Also, since it is rather small SQL subset, it doesn’t allow less used or straight-up esoteric sql features.
These can be added as needed for example as custom condition operators.
What's more, since we can inspect the query at the server api endpoint we can refuse some conditions for some users (roles) or add other arbitrary rules.

The power of having full control over the query with standard JSON simply cannot be overstated.

In our apps, the base query is defined in app configuration, but after that several client side components further augment the query.

  • Search text box, might add a search filter,
  • Grid sort headers might override the sort order,
  • Quick-filters can optionally add further filters or links with user input, such as category, size etc.

And for admin and advanced users, we also provide a visual query builder tool. Once the query arrives at the backend, additional filters and links are added based on the calling user’s permission set.

Finally, having json-fetch makes our queries portable. We can augment the sql generation to take advantage of a particular sql engine features.

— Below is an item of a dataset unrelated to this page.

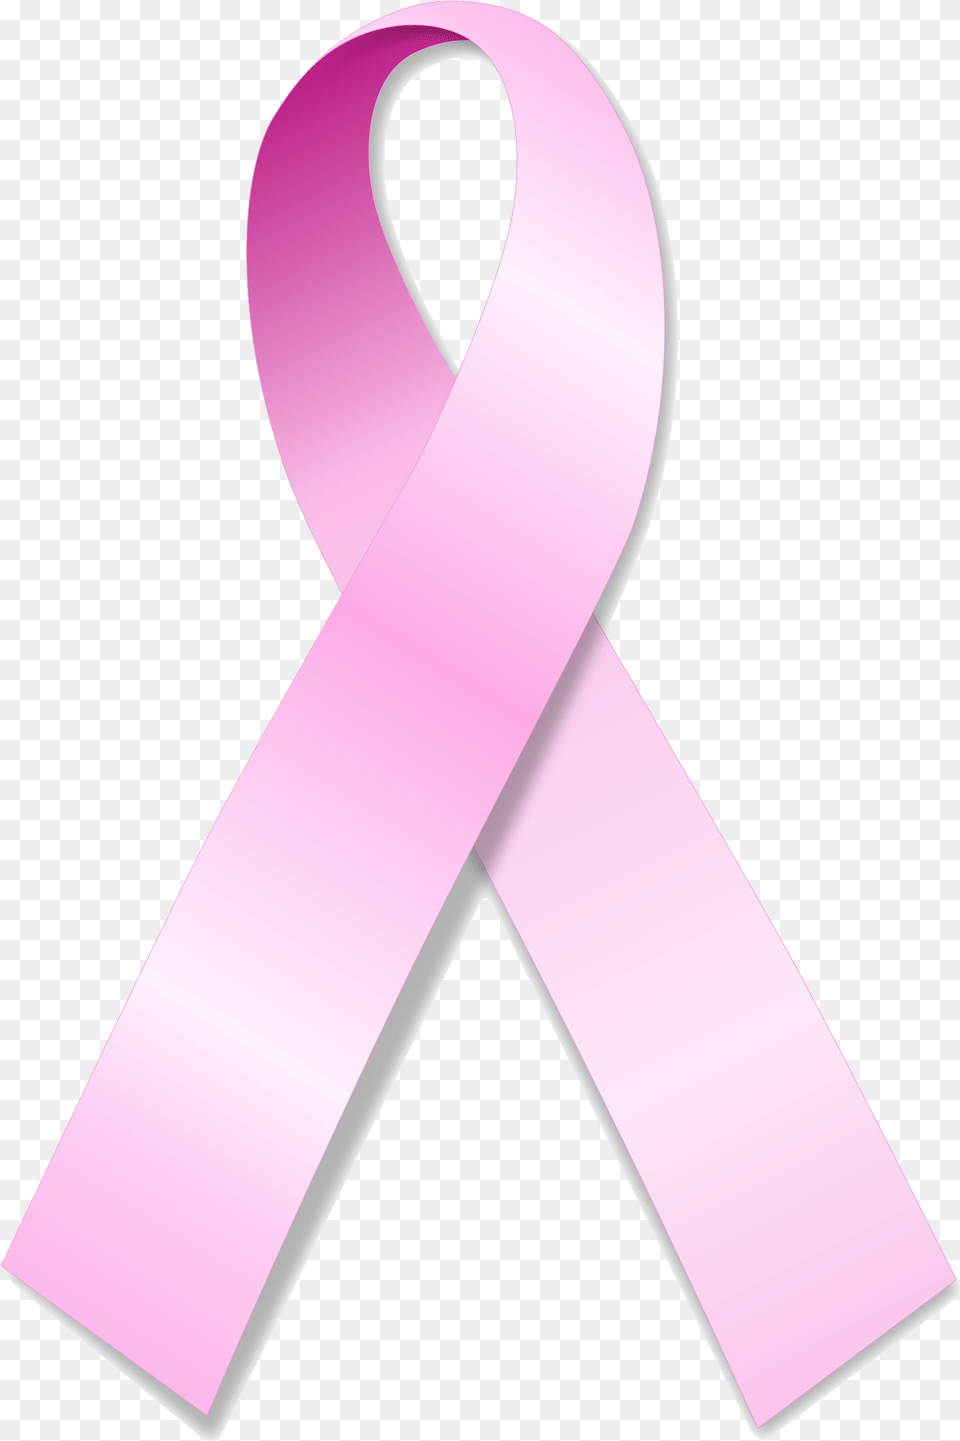 Breast Cancer Ribbon Images All Transparency, Symbol Png

In our apps, the translate layer will output either MSSQL or SQLite dialect.

Wrap

We hope we conviced you that dynamic query can provide massive benefits.
Compared to the "general wisdom" of using non-parametrized queries, they can be much safer and easier to maintain - if done well.

In the next blog we shall look at the validation and translation methods.

Until then, if you have any questions, suggestions or corrections, please let us know!

Happy hacking!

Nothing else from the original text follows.